On August 14, 2025, the New York State Department of Financial Services (“NYDFS”) announced that it had reached a $2 million settlement with Healthplex, Inc., a licensed provider of dental insurance management services in the State of New York, for alleged cybersecurity violations.
According to NYDFS, Healthplex’s network was compromised in late 2021 when a customer service employee opened a phishing email that enabled threat actors to access all consumer data in the employee’s account, including the nonpublic information of tens of thousands of New Yorkers. An investigation conducted by NYDFS uncovered certain vulnerabilities in Healthplex’s cybersecurity program that, according to the NYDFS, violated the New York cybersecurity rules and regulations (“NYCRR”).
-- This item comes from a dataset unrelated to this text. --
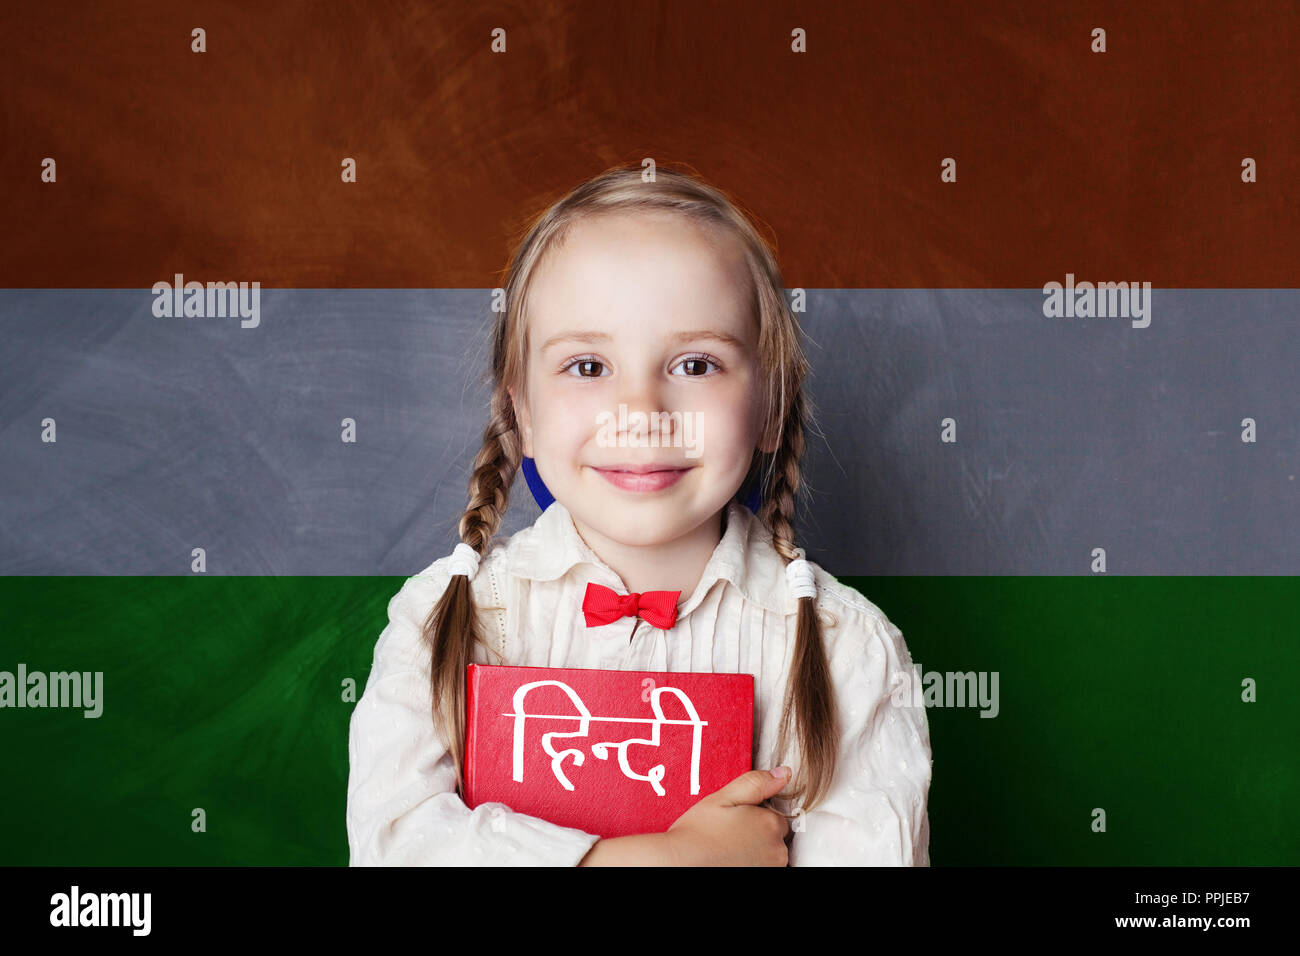 Learn hindi language. Smart child student on India flag background Stock Photo

The vulnerabilities include Healthplex’s failure to establish a data retention policy to limit the storage of emails on the network and its failure to set up multifactor authentication (“MFA”) controls on its email platform.. NYDFS also discovered that Healthplex waited more than four months to report the phishing incident to the Department despite the NYCRR requirement that companies report such incidents within 72 hours.
In addition to the monetary penalty, Healthplex agreed to strengthen its cybersecurity program, including its MFA controls, with the help of an independent auditor. The NYDFS also reported that the $2 million monetary penalty that was imposed reflects Healthplex’s cooperation with NYDFS investigators and its ongoing efforts to remediate the shortcomings identified by the Department.